The new bill recognizes that it is not neglectful for parents to allow kids to have some independence.

The state of Utah has just passed a bill legalizing free range parenting. The purpose of the bill is to foster self-sufficiency in children and to recognize that it is not neglectful to allow children to engage in certain activities independently, such as walking to school alone, playing in a park or playground, and staying home or in the car while a parent goes into a store.

It is the first such law in the United States. Even though Utah has no history of parents being investigated by child protective services under the circumstances described above, according to Rep. Brad Daw, House sponsor of the bill, it has happened in many other states. The new legislation, Daw says, "seeks to ensure it never will [happen in Utah]."

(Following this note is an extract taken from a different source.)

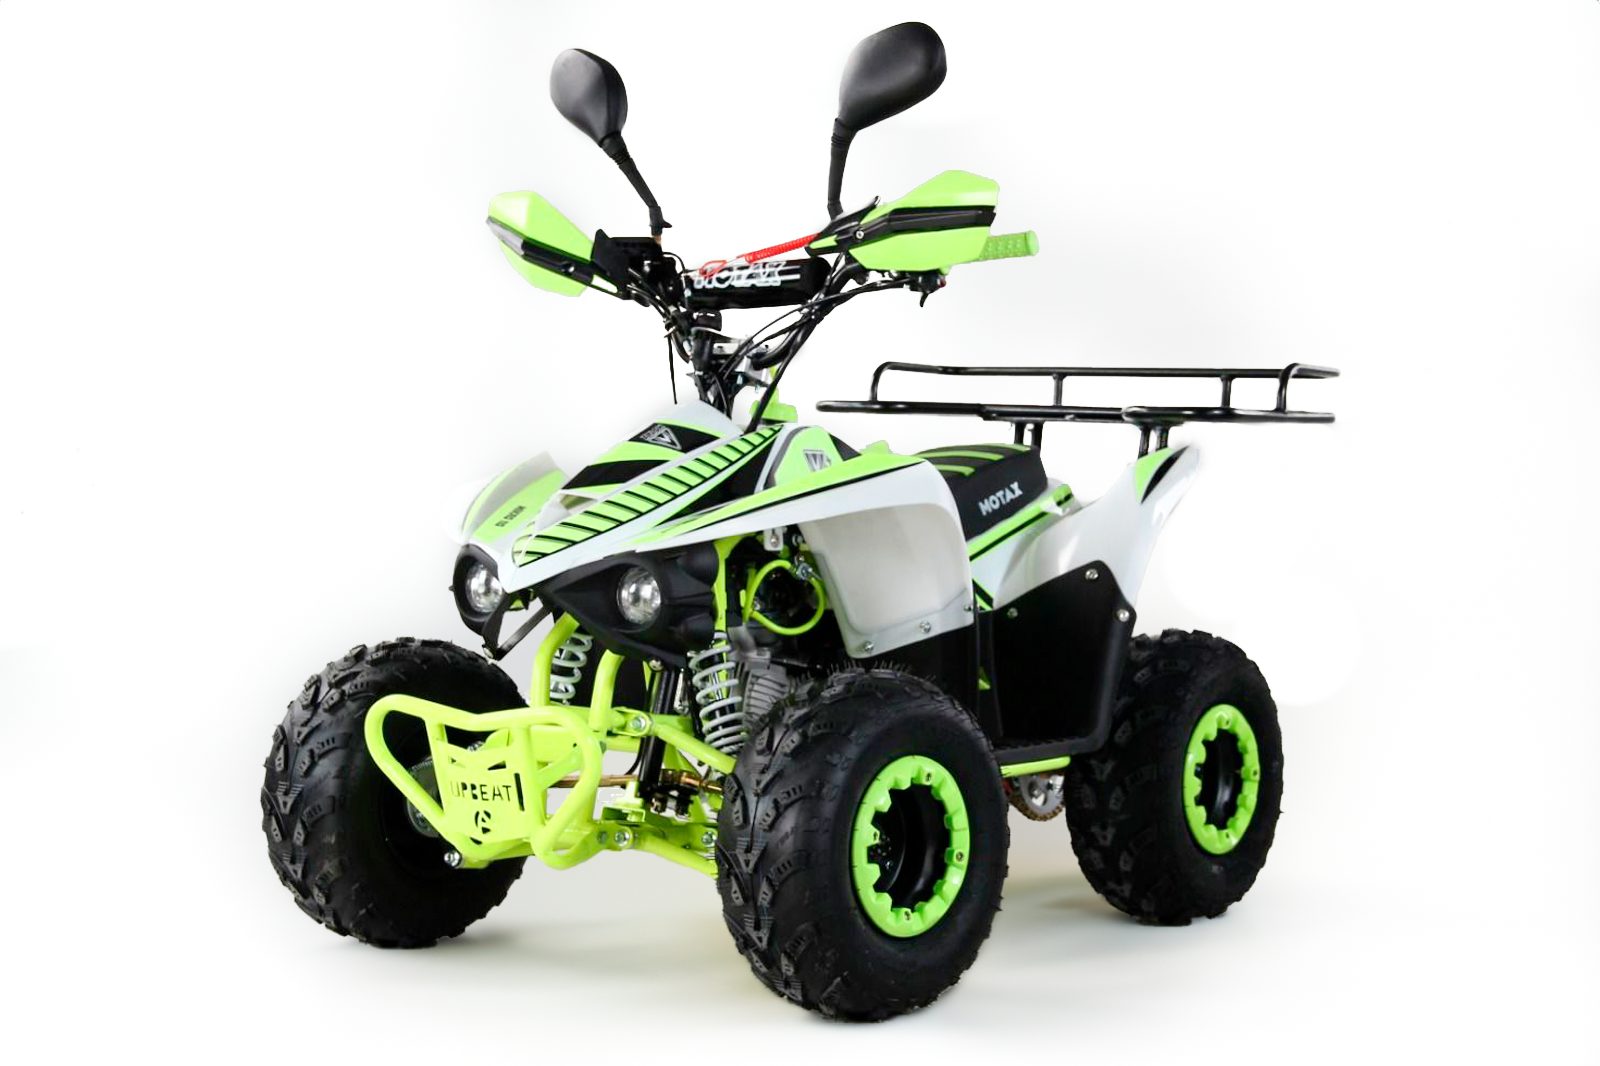 Квадроцикл бензиновый, подростковый MOTAX MIKRO 110 NEW, зеленый, нагрузка до 100кг, скорость до 65 км/час

The bill offers a beacon of hope in a society that is currently far too quick to punish parents for allowing their children any freedom at all. Stories such as the Maryland couple whose 10- and 6-year-old kids were held by police after their parents let them walk home alone from a park have frightened other parents into feeling as though they can never leave their children unattended. This, however, has a damaging effect on kids, who never learn how to handle themselves, and it is exhausting for parents.

The Deseret News reports:

"Republican Sen. Lincoln Fillmore of South Jordan has said allowing kids to try things alone helps prepare them for the future... The law states the child must be mature enough to handle those things but leaves the age purposely open-ended so police and prosecutors can work on a case-by-case basis."

The bill specifically redefines the term "neglect," stating that neglect does not include:

"permitting a child, whose basic needs are met and who is of sufficient age and maturity to avoid harm or unreasonable risk of harm, to engage in independent activities, including:
(A) traveling to and from school, including by walking, running, or bicycling;
(B) traveling to and from nearby commercial or recreational facilities;
(C) engaging in outdoor play;
(D) remaining in a vehicle unattended
(E) remaining at home unattended; or
(F) engaging in a similar independent activity."

On one hand, it's rather sad that common sense needs to be prescribed in this way; it's indicative of a loss of judgement and perspective, and a disintegration of community connection when neighbors and passersby are so quick to report unattended children, rather than speaking to their parents directly. On the other hand, if this is what it takes to break out of that harmful mentality, then it's a wonderful thing, and hopefully other states will follow in a similar direction.

The law takes effect on May 8, 2018.